Spring 1909: First single-sheet insert in real Crimson.

Nov. 6, 1926: Princeton wins but coach dies at game.*

1928: Unknown content; production process recalled in Centennial Celebration (p. 241), which says 1,400 copies were printed.

Feb. 22, 1933: Nonexistent “Henry E. Clarke” named Harvard President.*

Feb. 22, 1939: Memorial Hall to be razed for student housing.

April 26, 1946: Harvard drops football, may drop all sports.*

Spring 1961: Half those accepted into Class of ’65 decide to go elsewhere.

Nov. 10-11, 1963: The first back-to-back parodies. Female guests banned; reactions to previous day’s hoax.
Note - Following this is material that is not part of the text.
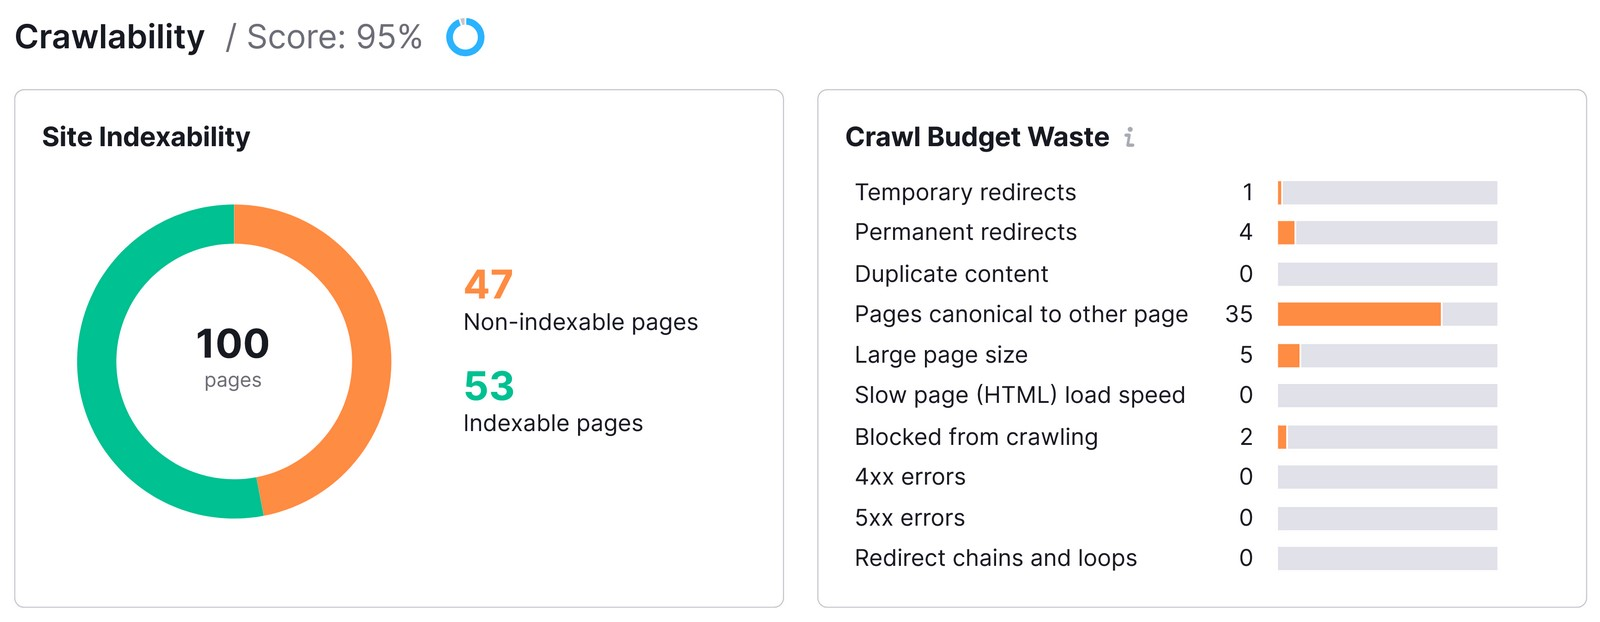 "crawlability" section shoes issues that could prevent Google from accessing the site
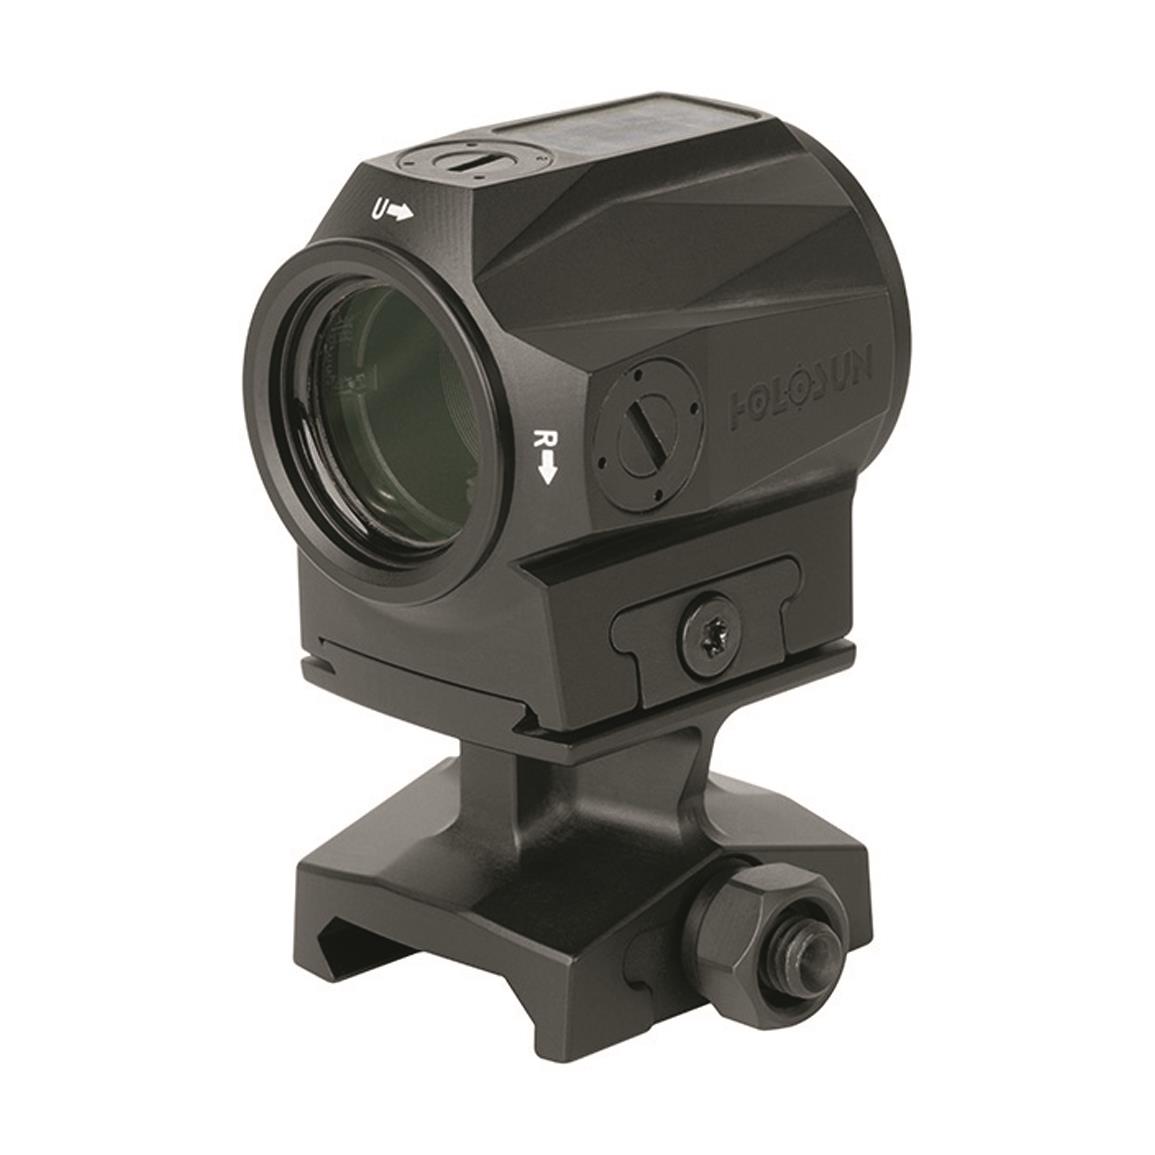 Aimpoint Micro H-2 Red Dot Reflex Sight with Standard Mount - 2 MOA -  200185 : Sports & Outdoors

Jan. 16, 1966: Crimson Board quits over female editor.*

Sept. 17, 1967: Very unimpressive Crimson given to incoming freshmen.

Nov. 11, 1968: Harvard President Pusey named Postmaster General.

Feb. 20-21, 1972: Back-to-back parodies. Nixon’s China trip cancelled; China trip really cancelled.*

Jan. 23, 1973: Crimson misses its own centennial.*

Feb. 1975: Boston doctor Kenneth Edelin vows to “appeal his conviction in a widely-publicized abortion trial on grounds of self-defense.” (Hundredth Anniversary Issue)

Spring 1978: Unknown content; the Crimson later contrasts it with a “notably more witty, insightful, professional, informative, innovative, colorful, intelligible, and legible” Crimson parody done at Dartmouth.

Early summer 1979: Unknown content; the Crimson later calls it “one of their best efforts.”

April 23-24, 1990: Back-to-back parodies, the second attacked as offensive.*

Jan. 21, 2000: The fate of the Crimson president’s chair, which Poonies had stolen.

Feb. 2011: All classes cancelled when building keys lost.

Feb. 4, 2015: First parody to appear in print and on fake Crimson website (link now defunct).

Jan. 30, 2016: First inclusion of Crimson blog Flyby in the website parody. Flyby’s verdict: “Nice Try, Lampoon.”

Jan. 2017: “Most Interesting Seniors” feared missing. This and later parodies dated by month only.

Jan. 2018: Three Crimson parodies in as many days, all covering Paul Rudd-Mila Kunis mashup.*

Jan. 2019: Harvey Weinstein defends dean’s decision to defend Weinstein.